Context-Aware RAG#

The VSS Context-Aware RAG is responsible for the video search and summarization based on the dense captions generated from the data processing pipeline. It implements the following data pipelines to achieve it:

Data Ingestion:
- Responsible for receiving and processing incoming documents.
- Uses the context manager to add documents, process them via batching, and prepare them for subsequent retrieval.
Data Retrieval:
- Focuses on extracting the relevant context in response to user queries.
- Leverages Graph-RAG and Vector-RAG functions to deliver precise, context-aware answers.

Context-Aware RAG starts its own process and event loop as to not block the main process and to increase performance.

Data Ingestion#

Parallel and Asynchronous Ingestion:
- Documents are ingested in parallel and asynchronously processed to avoid blocking the main process.
- Documents can be added with doc_index and doc_meta.
  - doc_index is used to uniquely identify the document (doc_0, doc_1, doc_2, etc.).
  - doc_meta is used to store additional metadata about the document ({stream_id: 0, timestamp: 1716393600}).
- Processing is done in Context-Aware RAG separate process.
- Documents can arrive in any order.
Batcher:
- Batcher groups documents into fixed-size, duplicate-checked batches (using doc_id//batch_size).
- When a batch fills up, downstream processing can be triggered immediately (e.g., graph extraction).
Example Batching Process (with batch_size = 2):
- If doc_4 arrives first, it’s placed in batch 2 (doc_id 4 // batch_size 2 = 2)
- When doc_0 arrives, it’s placed in batch 0 (doc_id 0 // batch_size 2 = 0)
- When doc_1 arrives, it completes batch 0 (doc_id 1 // batch_size 2 = 0)
- Batch 0 is now full and triggers asynchronous processing:
  - Partial graph construction begins for documents 0 and 1
- This process continues until all documents arrive
- Once all batches are processed, the final lexical graph is constructed.

Summarization#

CA-RAG provides the following methods for summarizing content.

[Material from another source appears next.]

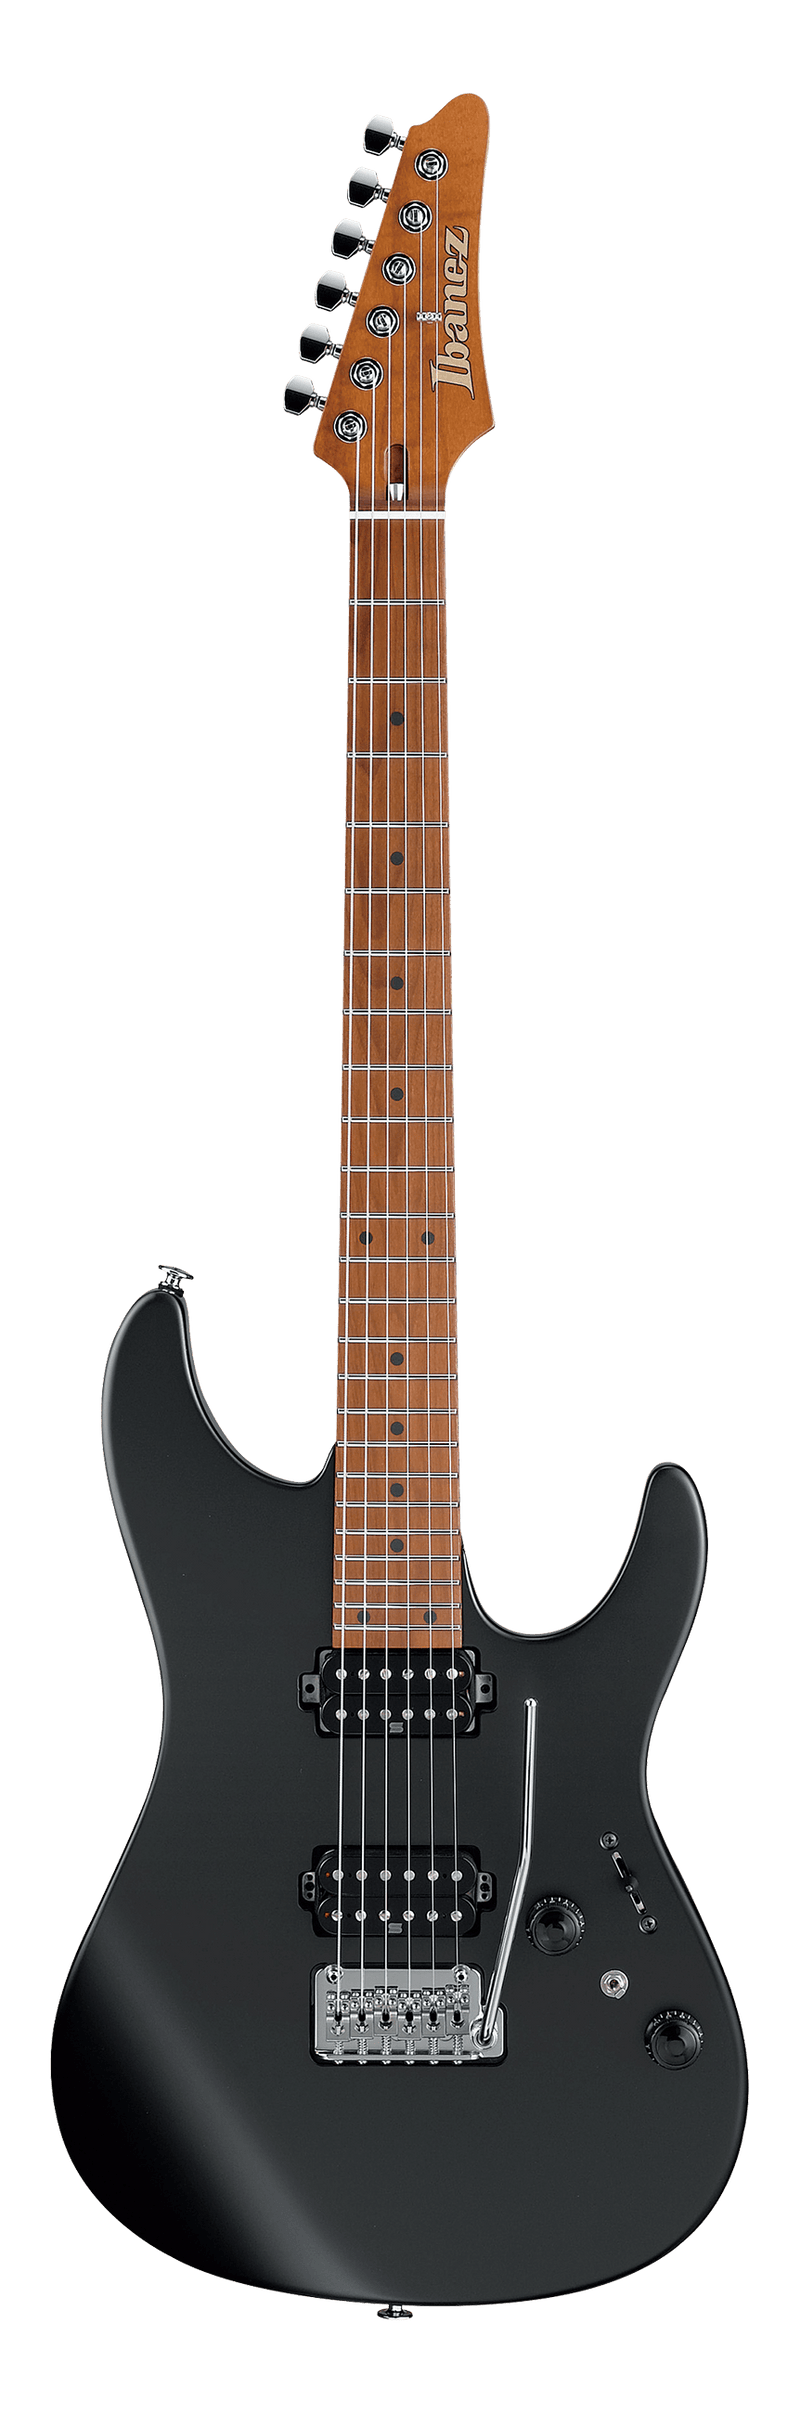 Ibanez AZ PRESTIGE Electric Guitar (Black Flat)

Batch: This method performs summarization in two stages:
- Batching: Groups together documents into batches and generates summaries for each batch.
- Aggregation: Combines batch summaries using a secondary prompt (summary_aggregation).
This method is ideal for handling long videos.

Data Retrieval (QnA)#

CA-RAG supports Question-Answering (QnA) functionality via VectorRAG and GraphRAG. Multi-stream support is available only for GraphRAG. GraphRAG or VectorRAG can be configured through CA-RAG Configuration.

VectorRAG
- Captions generated by the Vision-Language Model (VLM), along with their embeddings, are stored in Milvus DB.
- Embeddings can be created using any embedding NIM
  - By default, embeddings are created using nvidia/llama-3_2-nv-embedqa-1b-v2.
- For a query, the top five most similar chunks are retrieved, re-ranked using any reranker NIM and passed to a Large Language Model (LLM) NIM to generate the final answer.
  - By default, the reranker NIM is set to nvidia/llama-3_2-nv-rerankqa-1b-v2.
GraphRAG
- Graph Extraction: Entities and relationships are extracted from VLM captions, using an LLM, and stored in a GraphDB. Captions and embeddings, generated with any embedding NIM, are also linked to these entities.
- Graph Retrieval: For a given query, relevant entities, relationships, and captions are retrieved from the GraphDB and passed to an LLM NIM to generate the final answer.
- Multi-stream Support:
  - CA-RAG supports multi-stream processing, allowing users to process multiple live streams or files concurrently.
  - For multi-stream processing, stream-id is stored with each caption and entity. This allows to retrieve the captions and corresponding entities and relationships for a specific stream.
  - To enable multi-stream processing, set the multi-channel parameter to true in the config/config.yaml file. By default, it is set to false.

Alerts#

The Alerts feature allows event-based notifications. For each VLM caption, an LLM analyzes and generates alerts based on the natural language defined event criteria.

For example, to configure alerts for a traffic video to detect accidents, the criteria can be defined in natural language in the UI Application.

incident: accident on the road;
response: first responders arrive for help;

When an alert is detected, the response is sent to the user via the VSS notification system. Here is an example of the alert notification:

Alert Name: incident
Detected Events: accident on the road
Time: 80 seconds
Details: 2025-03-15 12:07:39 PM: The scene depicts an intersection with painted
stop lines and directional arrows on the road surface. A red sedan and a yellow
sedan are involved in a collision within the intersection. The red sedan appears to
be impacting the yellow sedan on its front passenger side.